I’ve been trying to organize my photos out of iPhoto and Shotwell into a common file name format and into old trusty folders and files that I can backup and check in services like Dropbox or Google Drive.
After exporting the library from iPhoto and Shotwell, and importing photos I had in bare folders I had the task to get them organized consistently.
What I set up to get was a folder structure like this:
├── 2007
│ ├── Diario Informacion
│ ├── Examenes Septiembre
│ ├── Laysa
│ ├── Lolo
│ ├── Reuniones familiares
│ ├── Uni
│ └── Verano Garden
├── 2008
│ ├── Aachen
│ ├── Aachen visita Tapi Ana
│ ├── Aachen visita colegas
│ ├── Berlin
│ ├── Bonn
│ ├── Carnaval
│
...
Thats YYYY/AlbumName/...
. For the name I wanted to rename the photos in
a common format to unify the different names that different cameras give to
photos. So the idea was to get the photo named IMG_1000391.jpg
to become
YYYYMMDD-HHSS-[Original name].jpg
.
After several tries and an incomplete program I did in node, I settled to accomplish the task with the unix battletested tools we all love and hate.
Renaming photos
So, for renaming the pictures, I did a little script that I would execute
inside my iPhoto
or Shotwell
picture, and go on renaming pictures based on
their exif data (date taken) as possible, using the awesome jhead
command
line tool:
#!/bin/sh
if [ -z "$1" ]
then
echo "Which folder do you want organize photos in?"
exit 1
fi
IFS=$'\n\t'
for i in $(find $1 -type d)
do
read -r -p "Do you want to organize $i? [y/N] " response
case $response in
[yY][eE][sS]|[yY])
jhead -autorot -n%Y%m%d-%H%M%S-%f $i/*
;;
*)
echo ""
;;
esac
done
With that we get the pictures renamed with the data they were taken on (if that
does not exist or can’t find it then it uses the created at date attribute on
the file).

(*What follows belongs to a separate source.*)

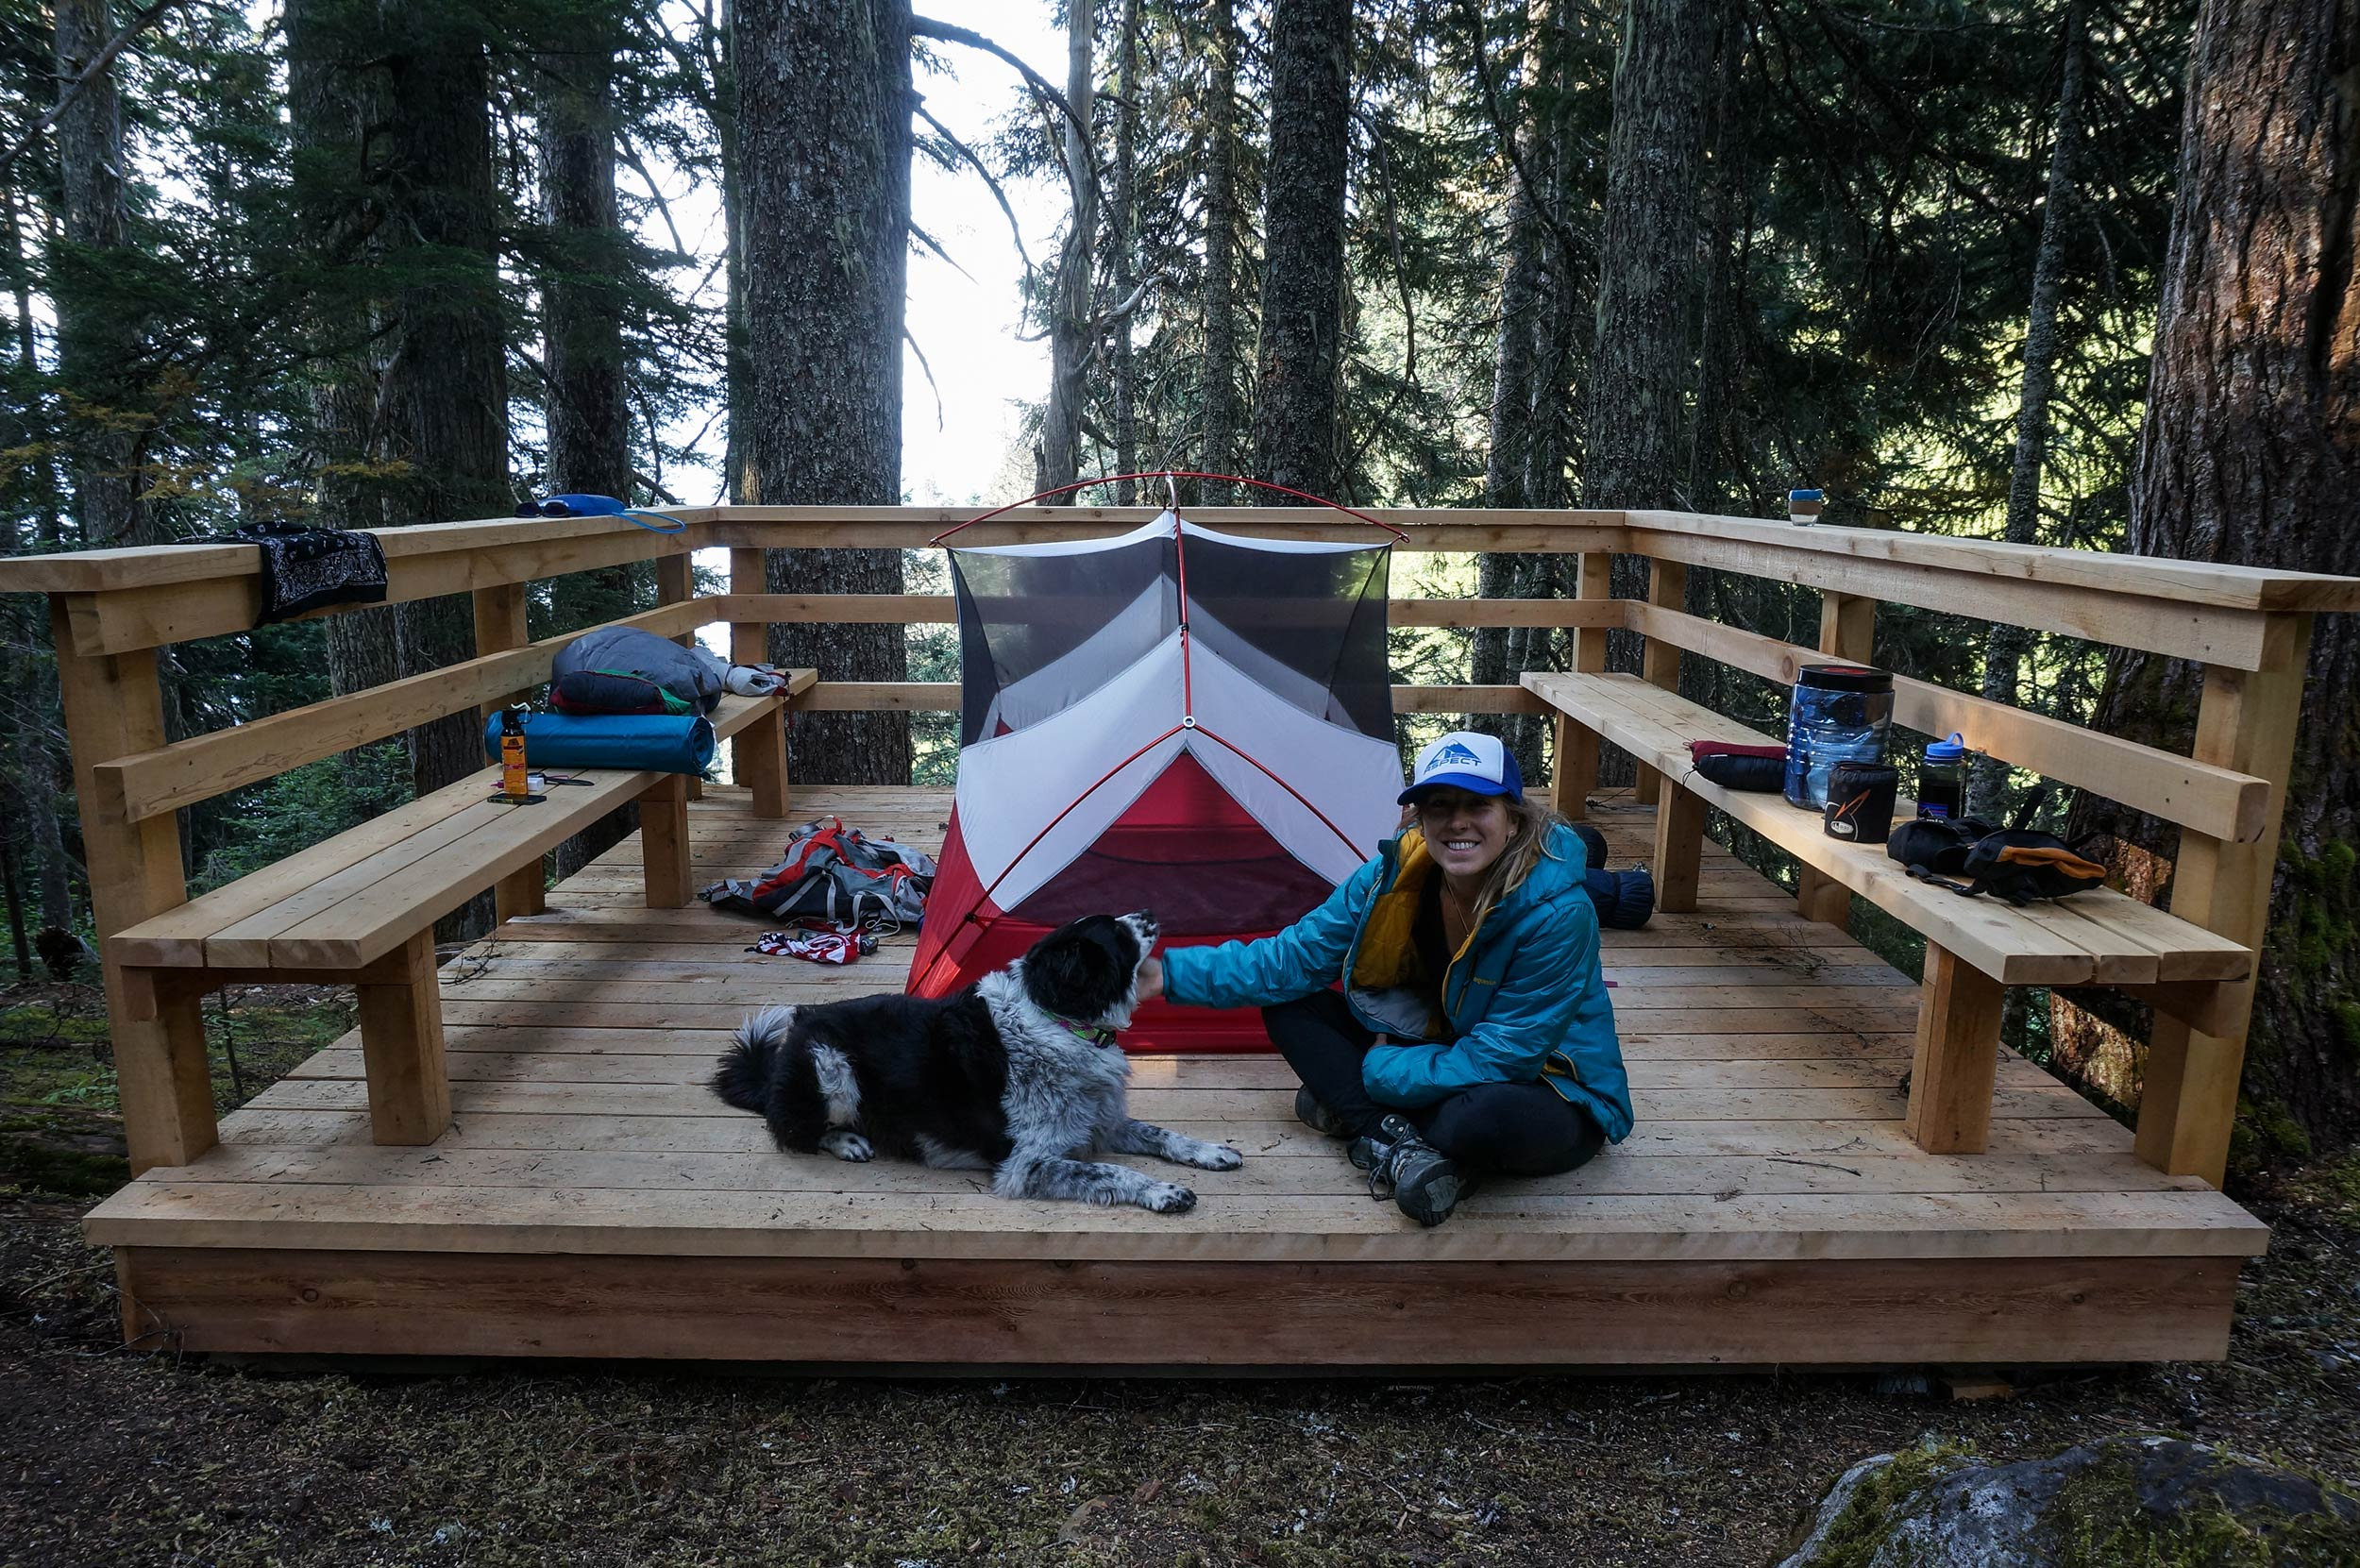 sproatt_alpine_trail_tent_platform_candice_nugget.jpg

Also as a bonus, we tell jhead
to autorotate the pictures based on
exif data.
Organizing the folder structure to the one I wanted
After renaming the pictures, I had to deal with the folder structure of each
different program. iPhoto when it exports it puts the pictures in folders named
as the events you had in, like Aachen, Bonn, Berlin, ...
.
For those, I just had to create the year folders and drop the event folders on its corresponding year folder, easy.
For the Shotwell photos I had to move them from the created structure
YYYY/MM/DD/photo.jpg
to YYYY/MM/photo.jpg
. So using this small cli oneliner
I grouped the photos as expected.
$ find */*/* -type d | xargs -n1 sh -c 'echo mv ${0}/* "$( dirname ${0})" ";" rm -rv ${0} '
Executing this command should show the command line commands that would move
the photos, when you have verified that they should do what you want, just
append | sh
after it and execute it again. Be careful and backup all your
photos before doing all this stuff.
$ find */*/* -type d | xargs -n1 sh -c 'echo mv ${0}/* "$( dirname ${0})" ";" rm -rv ${0} ' | sh
With that, I created some event folders and dropped the months in as expected.

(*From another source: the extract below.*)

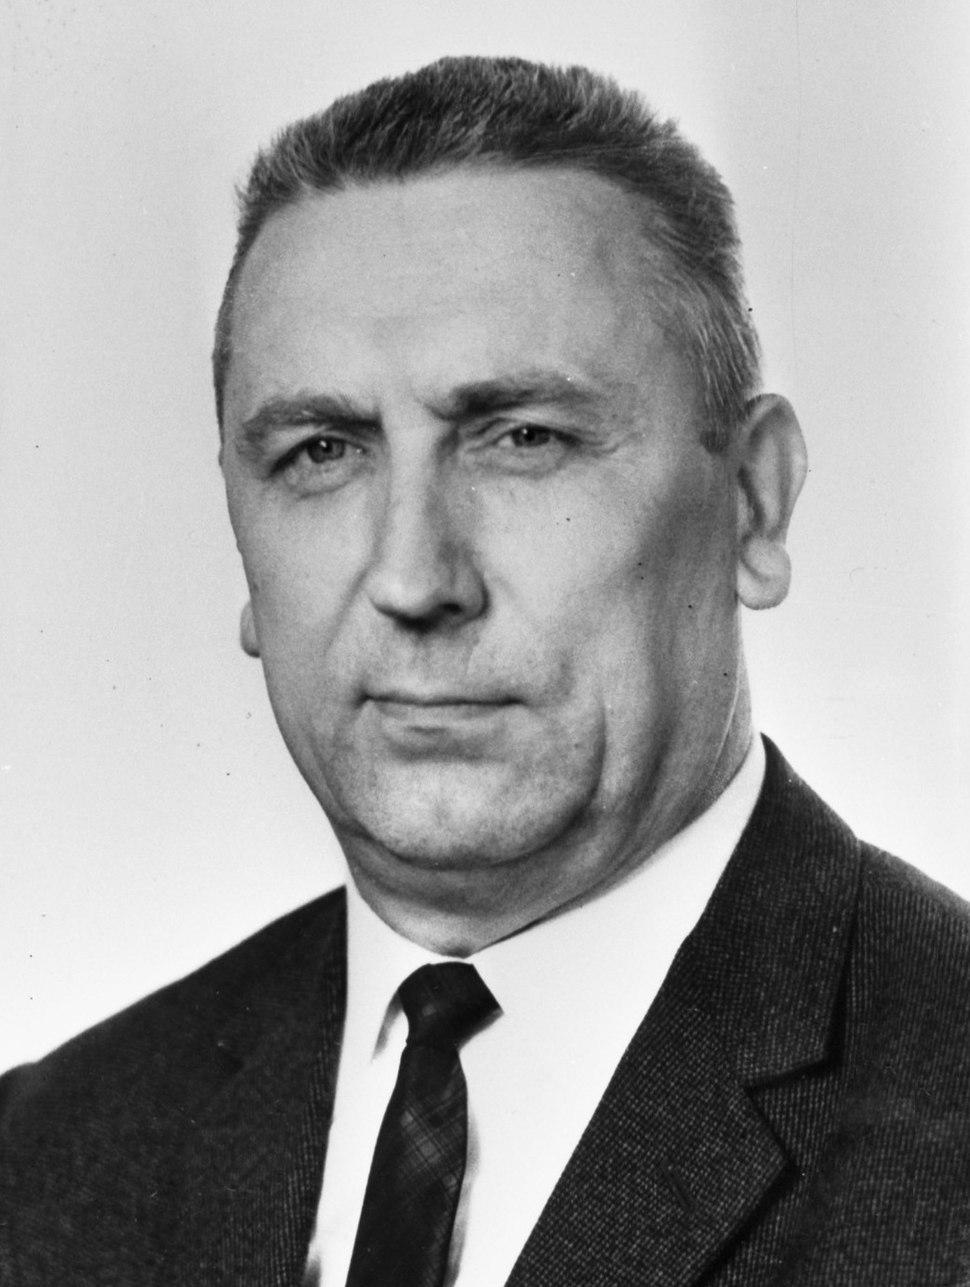 Edward Gierek 1980

Overall, pretty smooth experience, and a quick way to unify the photos databases into a simple and trusty folder/file structure (28G of pics!).
The advantage is the ease of sync, and because the file names are organized as the taken date, sorting by name in a folder will give you the files in taken order so that you can make a quick presentation if you need to.
Some time in the future, I want to research how to go looking at the pictures and marking the wants I don’t want, to have them archived or deleted, and also duplicate detection, since there are some folders that have thumbnails and pictures which are the same.